Motor-evoked fields can be recorded by time-locking the MEG signal corresponding to movement [53], and single ECD fitting of the corresponding evoked field generated from the average sensor data [43, 49, 51, 52, 54]. Using this approach, Schiffbauer et al. compared MSI to intraoperative mapping in tumor patients receiving painless tactile somatosensory stimulation to the lip, hand, and foot and found that both approaches had a favorable degree of quantitative correlation [51]. Similarly, a favorable degree of quantitative correlation was also seen from utilizing dipole fitting with MEG versus fMRI [54]. Confirmed with ECOG, dipole fitting of evoked magnetic fields to median nerve stimulation proved to be superior to fMRI for 15 patients in identifying the sensorimotor cortex [43]. Following dipole fitting of the mouth motor cortex, ECS sites were usually anterior and lateral to MEG localization of the lip somatosensory cortex [52].
The use of MEG spatial filtering holds promise for a more robust method for mapping the motor cortex in presurgical patients [42, 50, 55]. The use of a spatial filter beamformer while subjects performed a self-paced index finger movement can generate high resolution imaging of the spatiotemporal patterns of premotor and motor cortex activity [55]. Peaks of the tomographic distribution of beta-band event-related desynchronization sources reliably localized the hand motor cortex in a group of 66 patients, which was confirmed with ECS [50] (Fig. 7.5).
Fig. 7.5
(a) Localization of β-band desynchronization preceding right index finger flexion for a subject with a frontal tumor. The location of hand motor cortex relative to a single dipole localization of hand somatosensory cortex is also shown. (b) Localization of β-band desynchronization due to left index finger flexion in the same subject, showing contralateral hand motor cortical activation in the right hemisphere
In pediatric patients as well, the pre-movement motor field component in average brain response was localized. In this case, motor field time-locked to electromyography onset was successfully localized to areas corresponding to the hand region in 95 % of cases (n = 10), which was confirmed with ECOG [42]. Furthermore, displacement of the sensorimotor cortex by space-occupying brain lesions does not seem to interfere with localization of the hand motor cortex [42, 50].
Future Applications
Lateralization of Language Function
Identification of a patient’s dominant hemisphere is crucial when the surgical site is located near presumed language cortex. Traditionally, hemispheric language dominance is evaluated by the Wada test, which is an invasive procedure. Furthermore, crossflow of amobarbital to the contralateral hemisphere through the circle of Willis can make results inaccurate. MEG offers a noninvasive and potentially a more accurate alternative for determining hemispheric dominance.
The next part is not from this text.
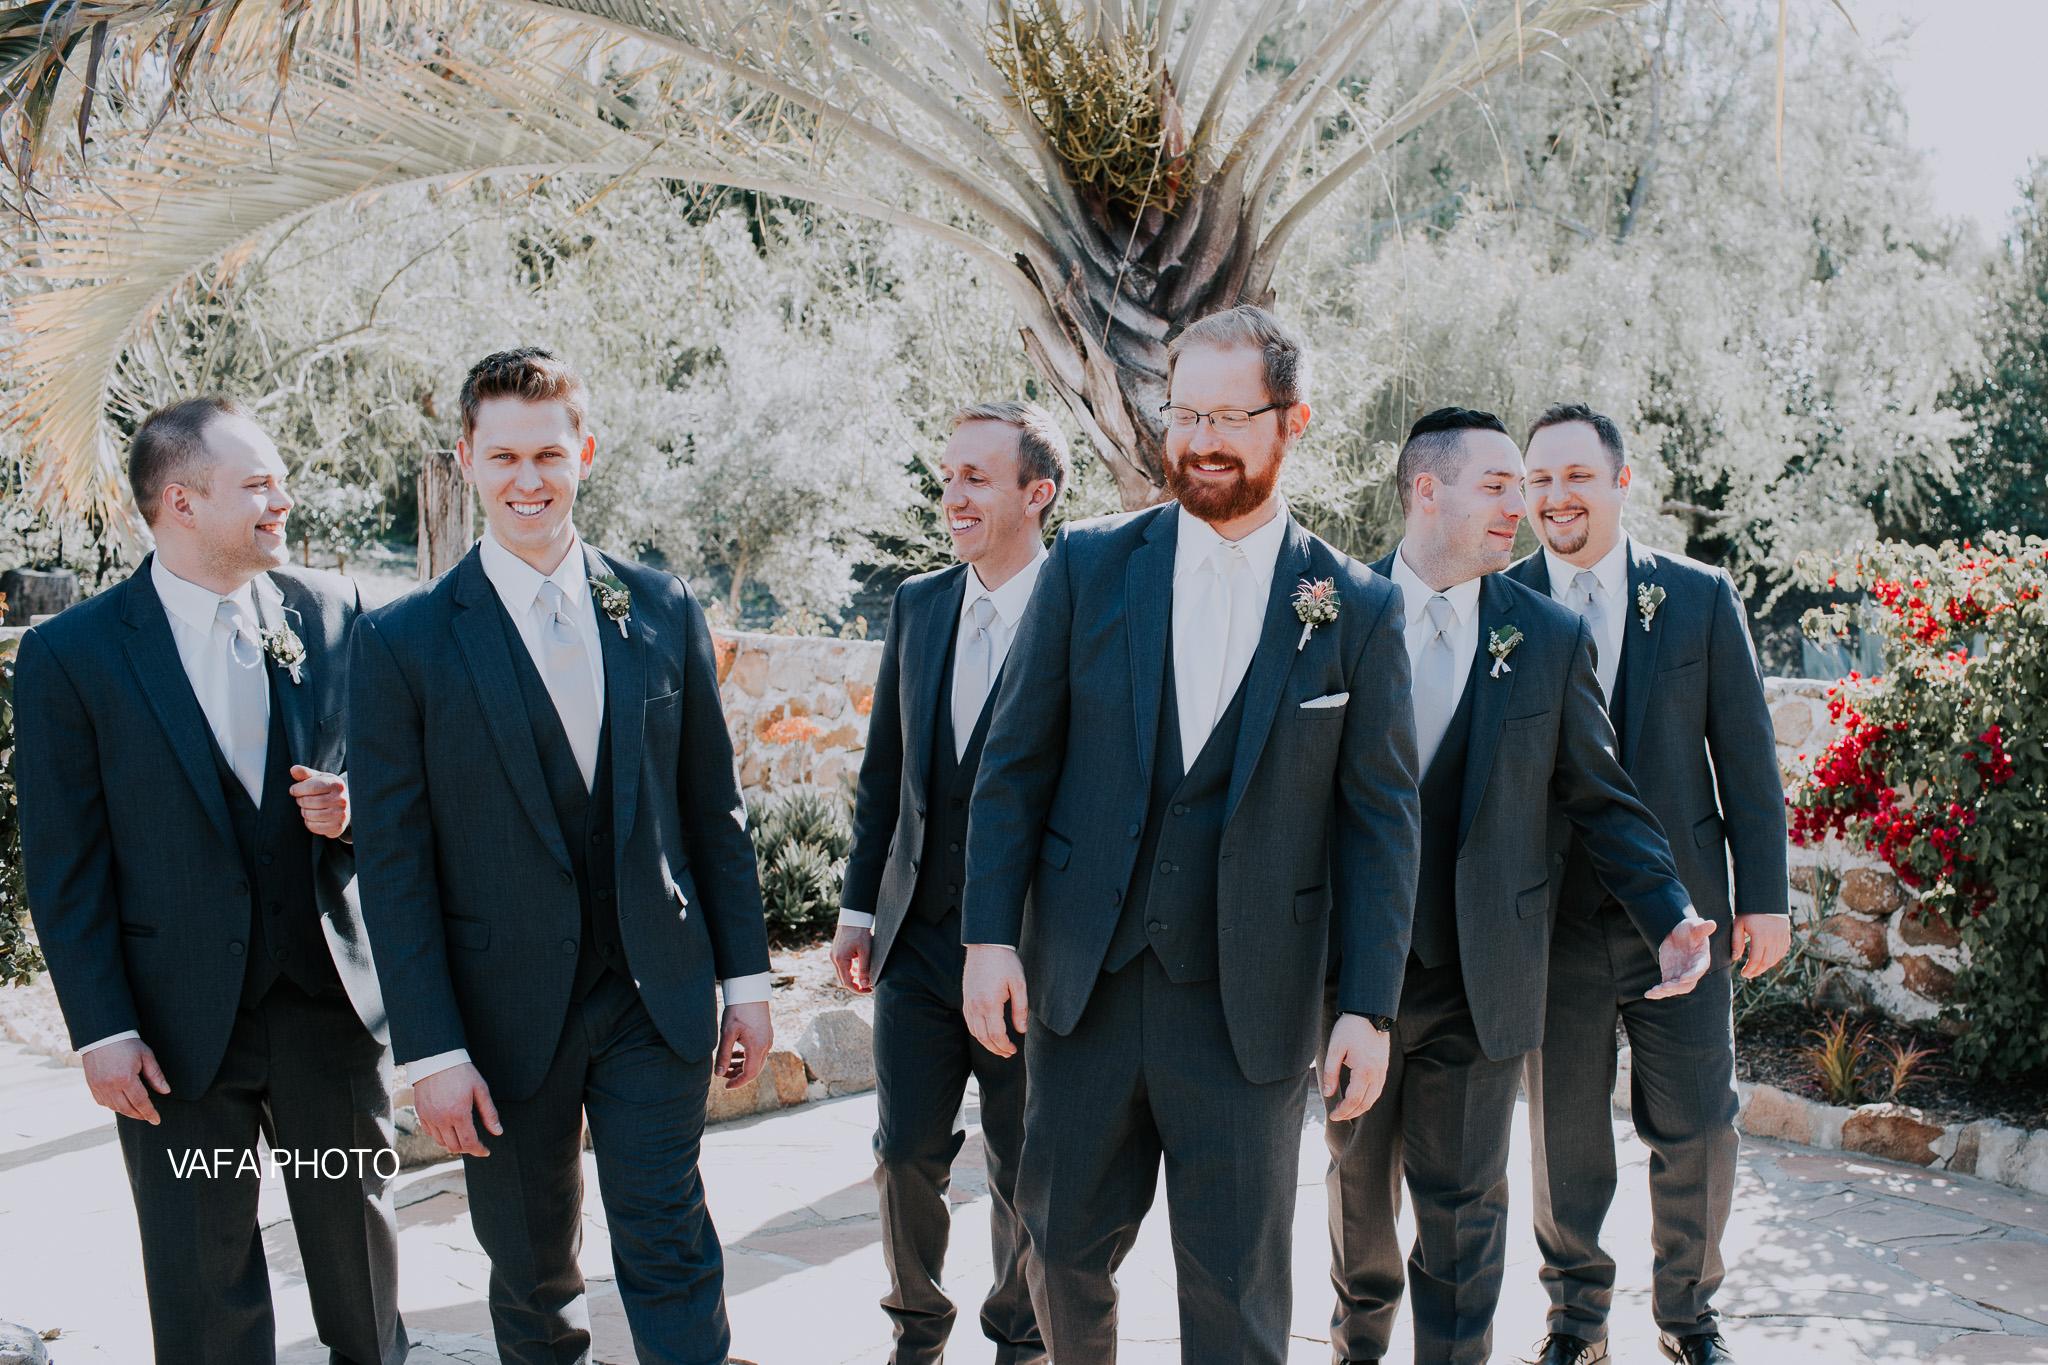 Leo-Carrillo-Ranch-Wedding-Lauren-Mike-Vafa-Photo-400.jpg
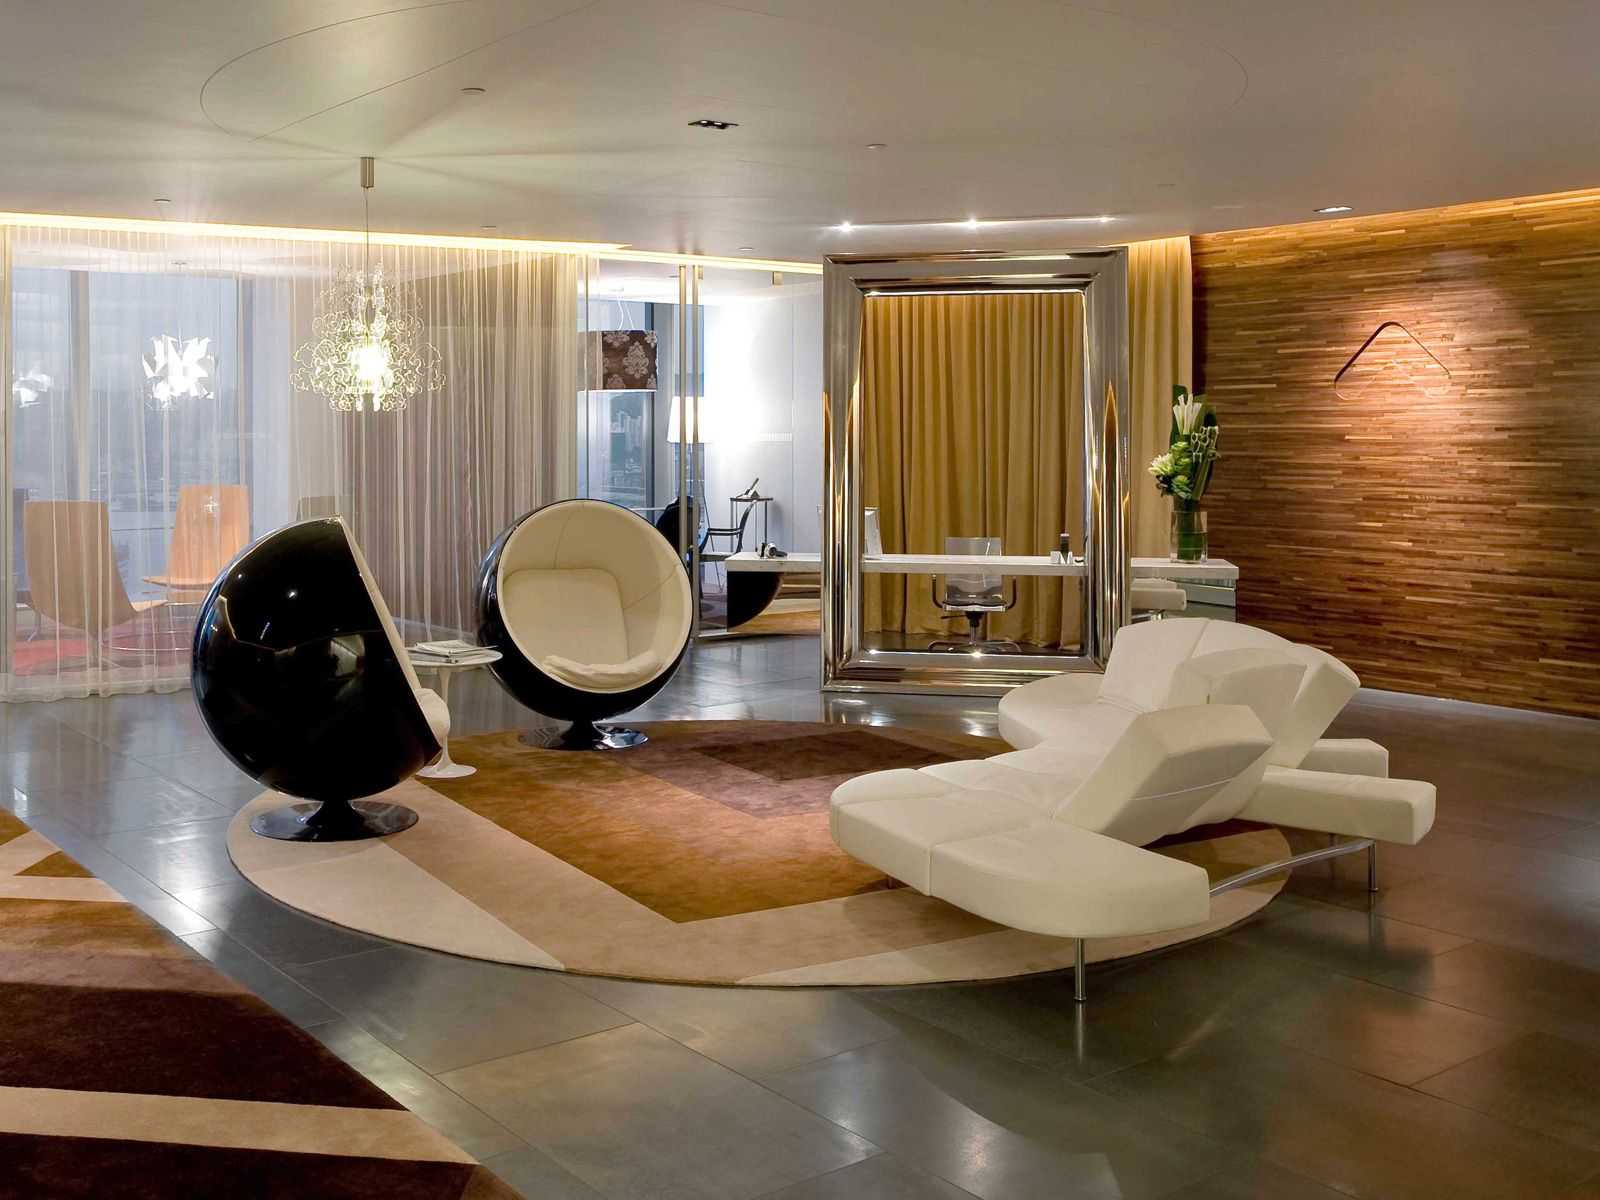 Interior design information - 10 interesting facts about interior design ...

Using MEG, language laterality can be measured by determining the asymmetry of equivalent dipole sources between both hemispheres [56]. Using this approach, MSI and Wada tests were concordant in determining dominant hemisphere in 86 % of a group of 35 patients with high sensitivity and specificity [57]. Dipole sources of the late auditory evoked field components in both hemispheres can be determined while subjects undergo a recognition task for spoken words or listening to synthesized vowel sounds [56, 58]. The laterality of increased suppression of MEG activity in the 8–50 Hz range in the inferior frontal gyrus regions corresponded to the dominant hemisphere and was consistent with the Wada test among 95 % of the patients [59].